SECTION 20.The Regional Government recognizes the private sector as the prime mover of trade, commerce and industry. It shall encourage and support entrepreneurial capability in the Region and shall recognize, promote and protect cooperatives.

SECTION 21.The Regional Government shall promote and protect small and medium-scale cottage industries by providing assistance such as marketing opportunities, financial support, tax incentives, appropriate and alternative technology and technical training to produce semi-finished and finished products.

SECTION 22.The Regional Government shall give support and encouragement to the establishment of banks in accordance with the principles of the Islamic banking system, subject to the supervision by the central monetary authority of the National Government.

SECTION 23.Subject to national policies, the Regional Government shall regulate traditional barter trade and countertrade with neighboring countries.

SECTION 24.The Regional Government shall encourage, promote, undertake and support the establishment of economic zones, industrial centers and ports in strategic areas and growth centers of the Region to attract local and foreign investments and business enterprises.

SECTION 25.The Regional Government shall undertake measures to promote consumer education and to ensure that the rights, interests and welfare of the consumers are protected.

SECTION 26.The Regional Government shall promote the preferential use of labor and locally produced goods and materials by adopting measures to increase their competitiveness.

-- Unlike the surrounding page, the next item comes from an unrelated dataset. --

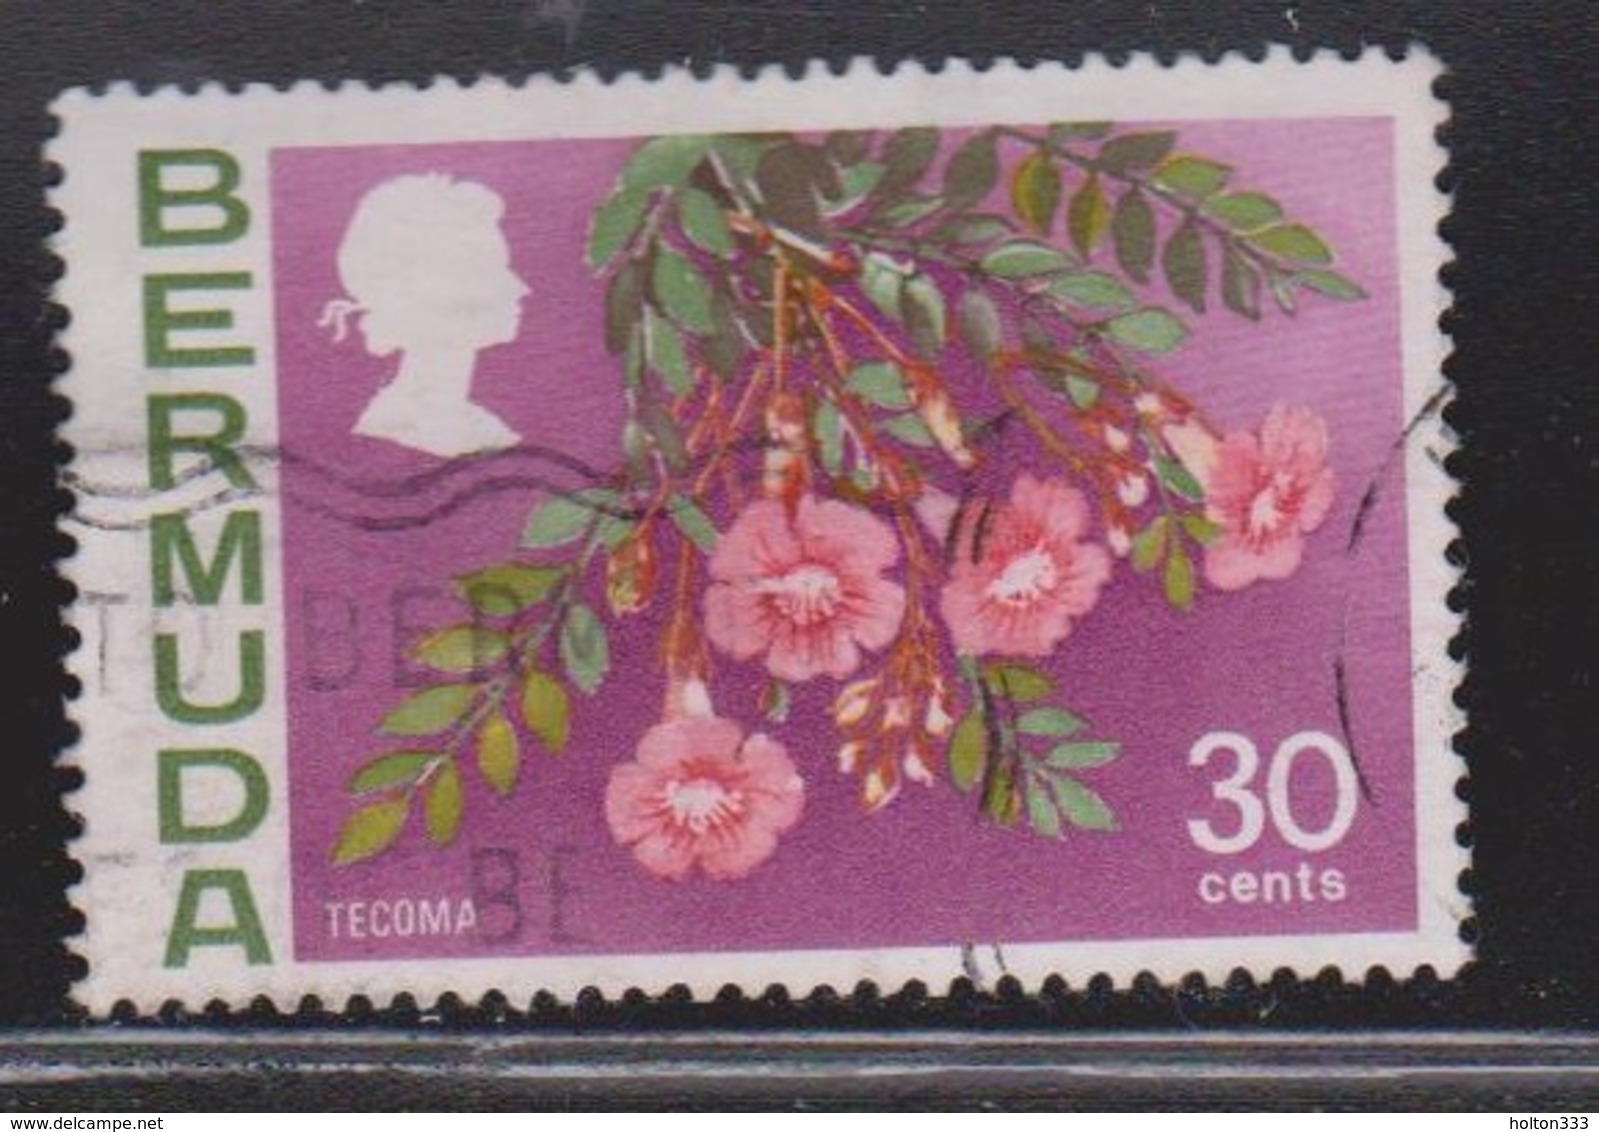 BERMUDA Scott # 267 Used - Flowers - Bermuda

SECTION 27.Subject to the Constitution and national policies, the Regional Government shall regulate and exercise authority over foreign investments within its jurisdiction in accordance with its goals and priorities.

Tourism Development

SECTION 28.The Regional Government shall, with the assistance of the National Government and the participation of the private sector, develop tourism as a positive instrument toward accelerated regional development. Tourism development shall promote greater pride in and commitment to the nation: Provided, That the diverse cultural heritage, and moral and spiritual values of the people in the Autonomous Region shall be primarily considered and respected.

SECTION 29.The Regional Assembly may, by law, create a Tourism office, and shall define its composition, powers and functions.

RA 7076

People's Small-Scale Mining Act

SECTION 7.Ancestral Lands. No ancestral land may be declared as a people's small-scale mining area without the prior consent of the cultural communities concerned: Provided, That, if ancestral lands are declared as people's small-scale mining areas, the members of the cultural communities therein shall be given priority in the awarding of small-scale mining contracts.

RA 7586

National Integrated Protected Areas System

Sec 4

d. "Indigenous cultural community" refers to a group of people sharing common bonds of language, customs, traditions and other distinctive cultural traits, and who have, since time immemorial, occupied, possessed and utilized a territory;

SECTION 13.Ancestral Lands and Rights Over Them. Ancestral lands and customary rights and interest arising shall be accorded due recognition. The DENR shall prescribe rules and regulations to govern ancestral lands within protected areas: Provided, That the DENR shall have no power to evict indigenous communities from their present occupancy nor resettle them to another area without their consent: Provided, however, That all rules and regulations, whether adversely affecting said communities or not, shall be subjected to notice and hearing to be participated in by members of concerned indigenous community.

RA 7611

Palawan Strategic Environmental Plan

SECTION 11.Tribal Ancestral Lands. These areas, traditionally occupied by cultural minorities, comprise both land and sea areas. These shall be treated in the same graded system of control and prohibition as in the others abovementioned except for stronger emphasis in cultural considerations. The SEP, therefore, shall define a special kind of zonation to fulfill the material and cultural needs of the tribes using consultative processes and cultural mapping of the ancestral lands.

RA 7942

Mining Act of 1995

SECTION 3.Definition of Terms. As used in and for purposes of this Act, the following terms, whether in singular or plural, shall mean:

(a)"Ancestral lands" refers to all lands exclusively and actually possessed, occupied, or utilized by indigenous cultural communities by themselves or through their ancestors in accordance with their customs and traditions since time immemorial, and as may be defined and delineated by law.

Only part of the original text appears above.